Start of Block

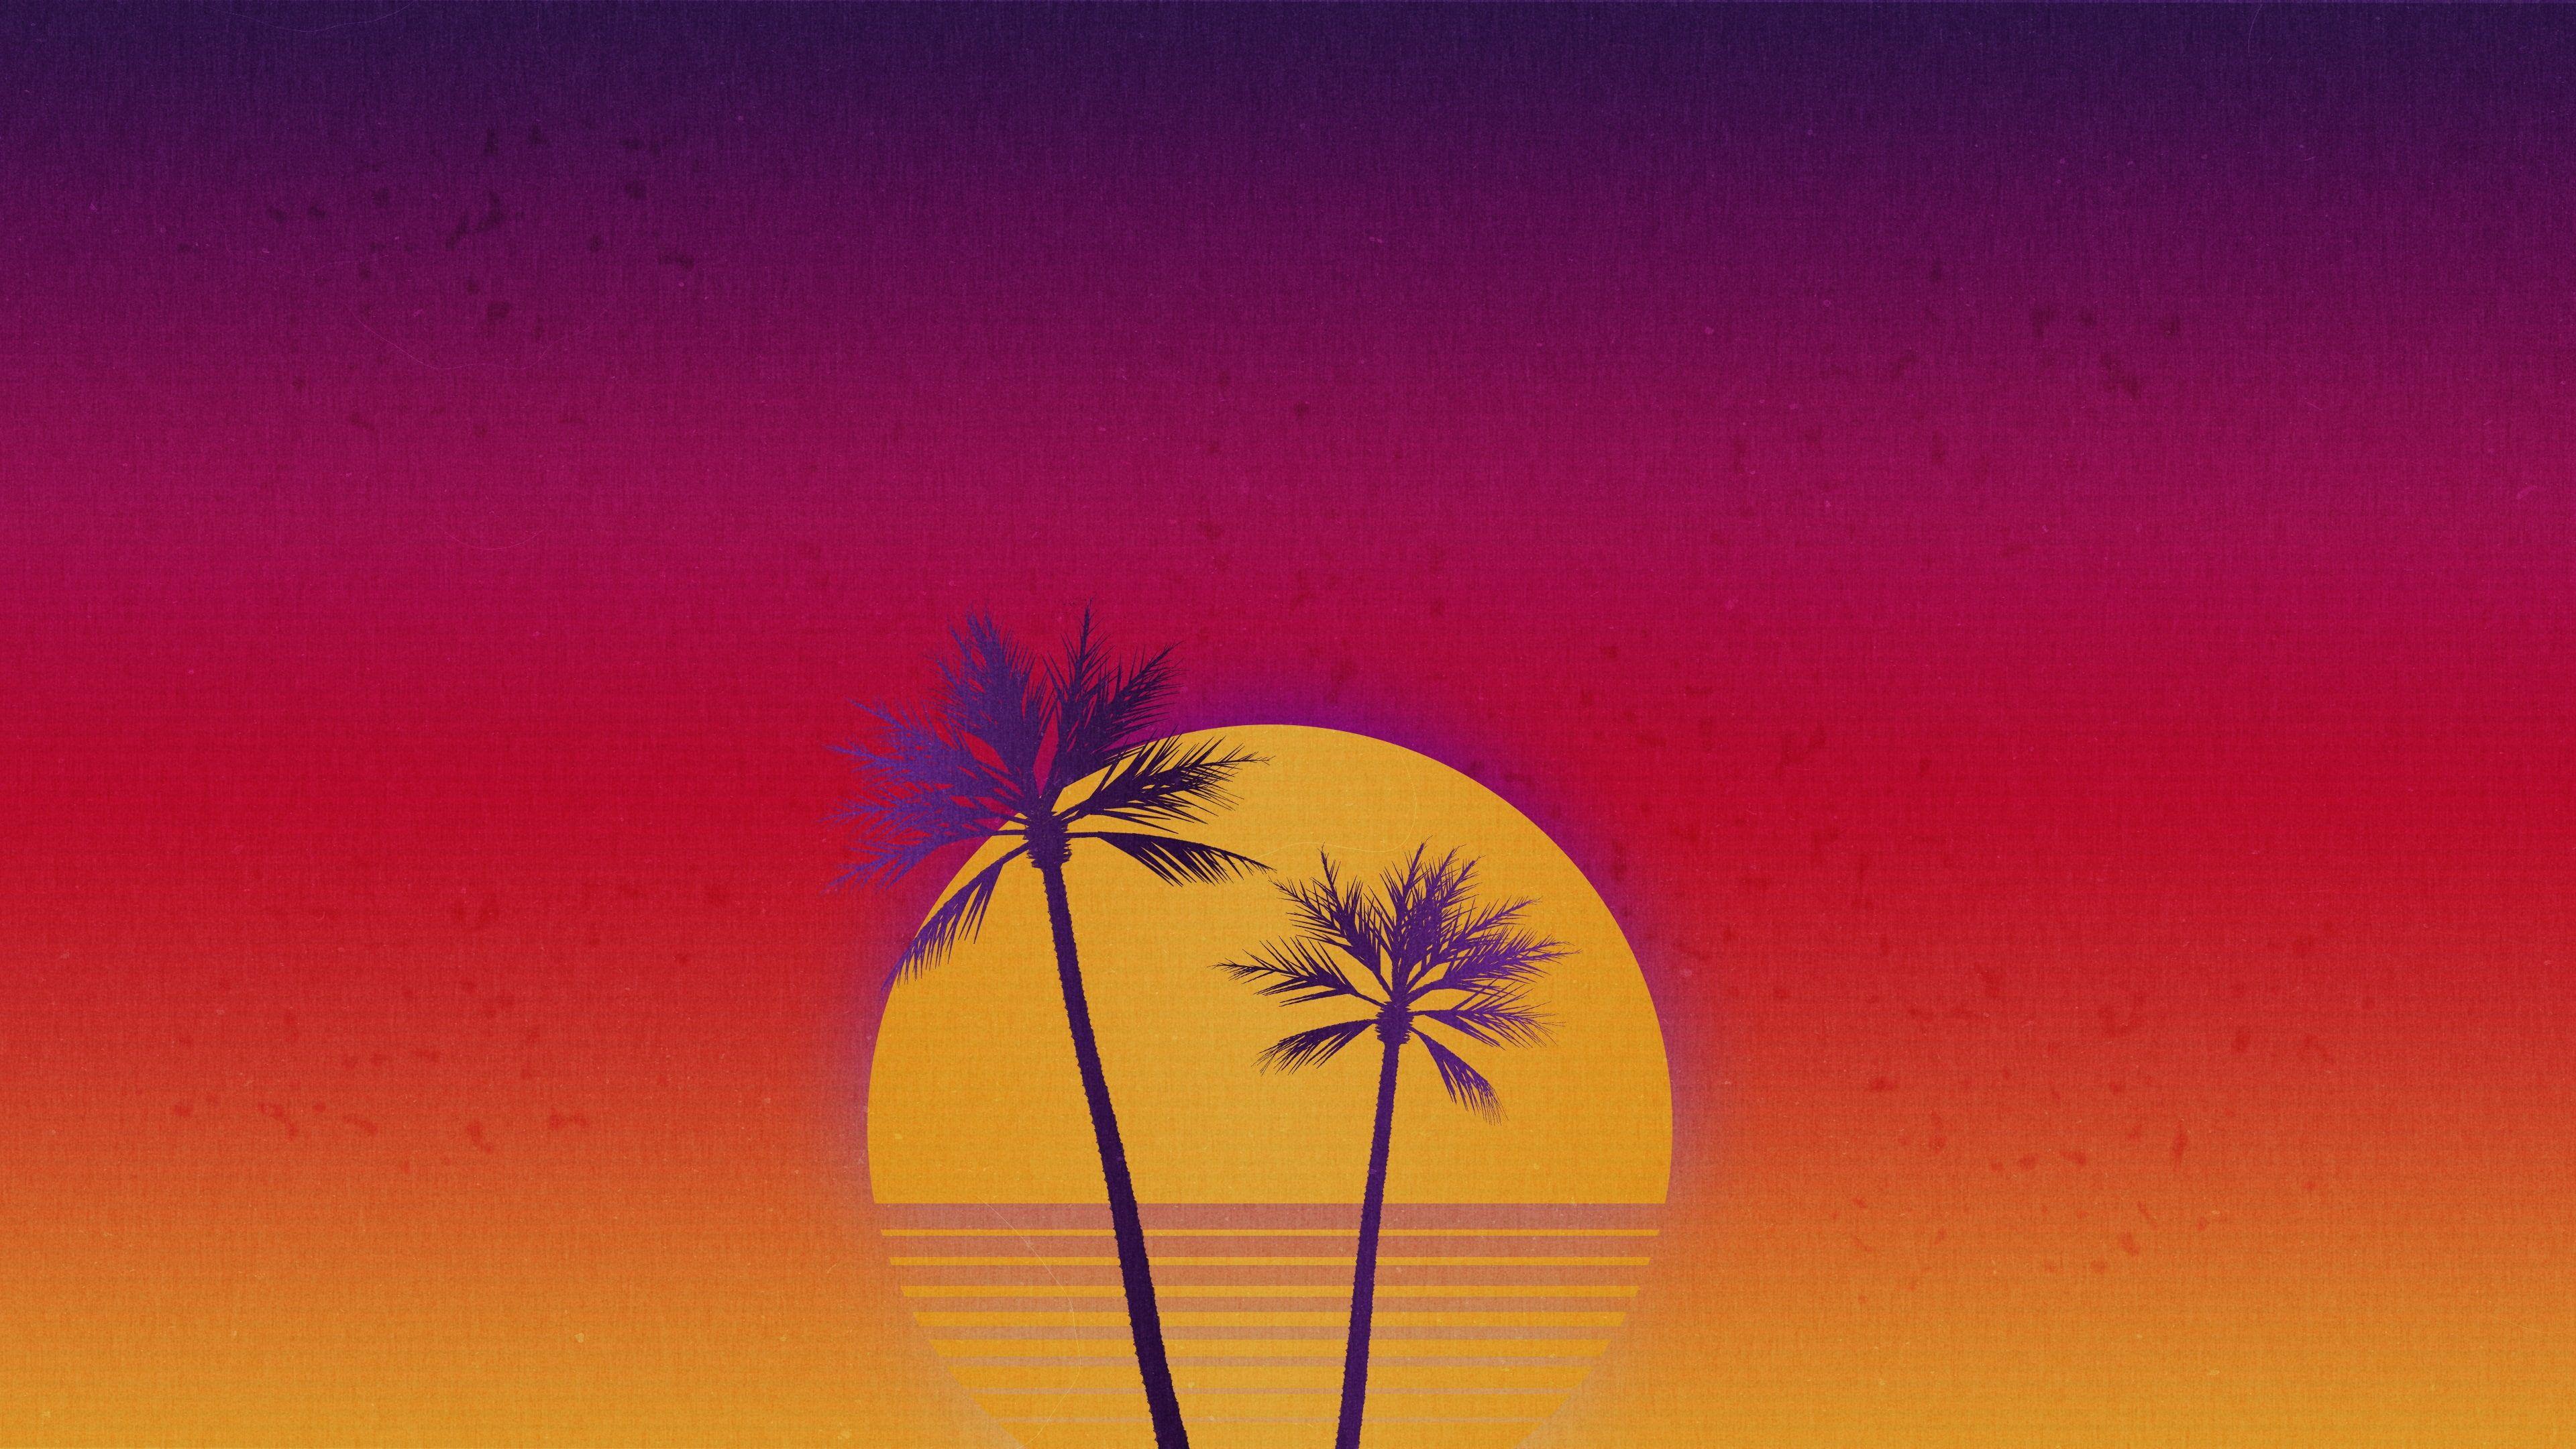 Outrun Sunset Vaporwave Retrowave Retrowave 4k Wallpaper Hdwallpaper Desktop Vaporwave Wallpaper Hd Wallpaper Pink Wallpaper Iphone
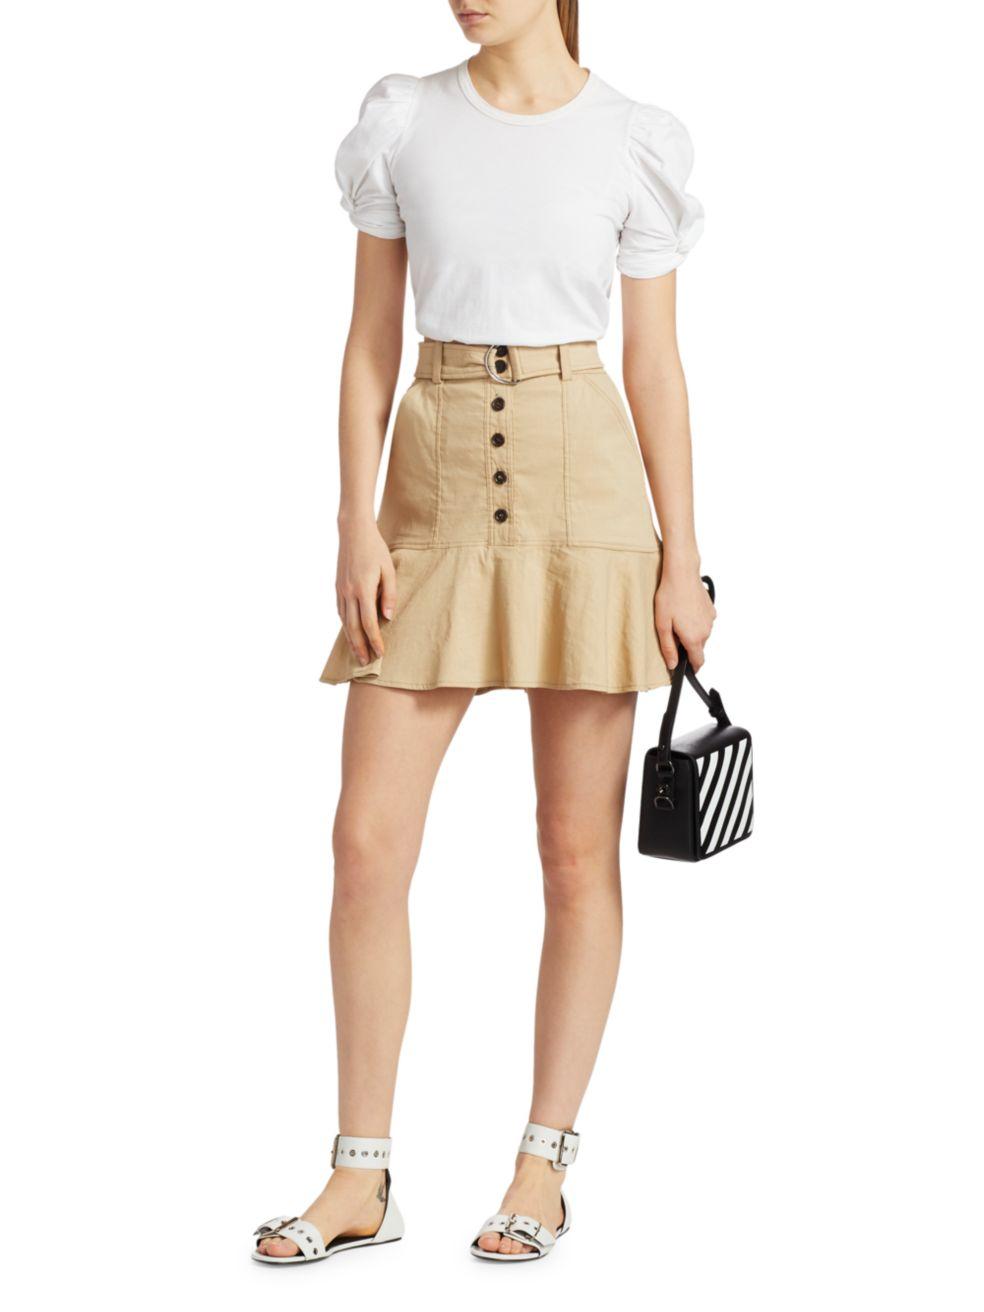 A.L.C. Miley Button-Front Flirty Skirt   SaksFifthAvenue
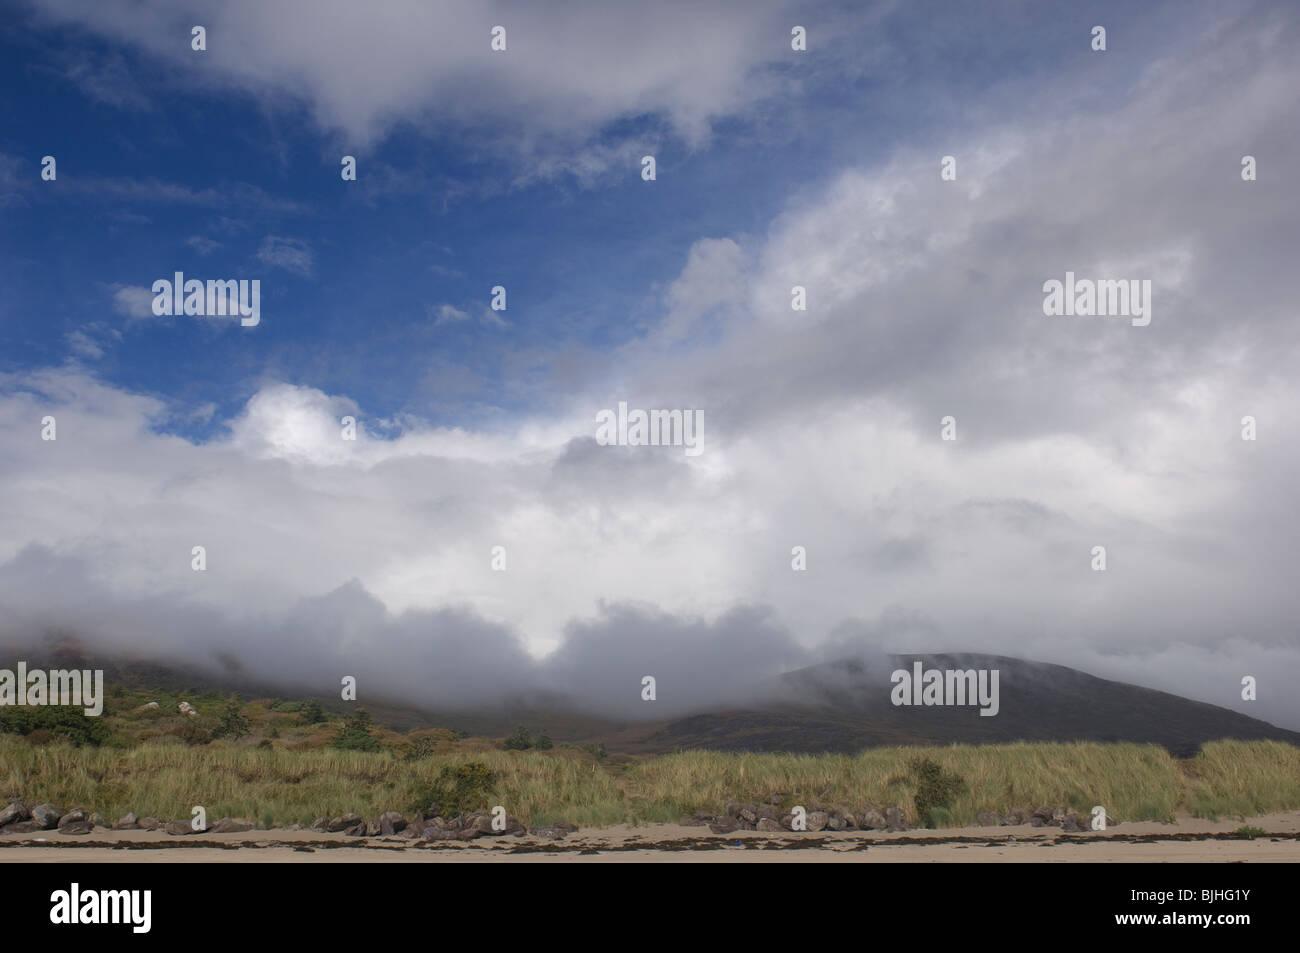 County Kerry, Ireland - John Gollop - Stock Image

End of Block

- Exercise
Exact copy, pictures removed: set down the whole listing above.

- Output for this exercise
 Outrun Sunset Vaporwave Retrowave Retrowave 4k Wallpaper Hdwallpaper Desktop Vaporwave Wallpaper Hd Wallpaper Pink Wallpaper Iphone
 A.L.C. Miley Button-Front Flirty Skirt   SaksFifthAvenue
 County Kerry, Ireland - John Gollop - Stock Image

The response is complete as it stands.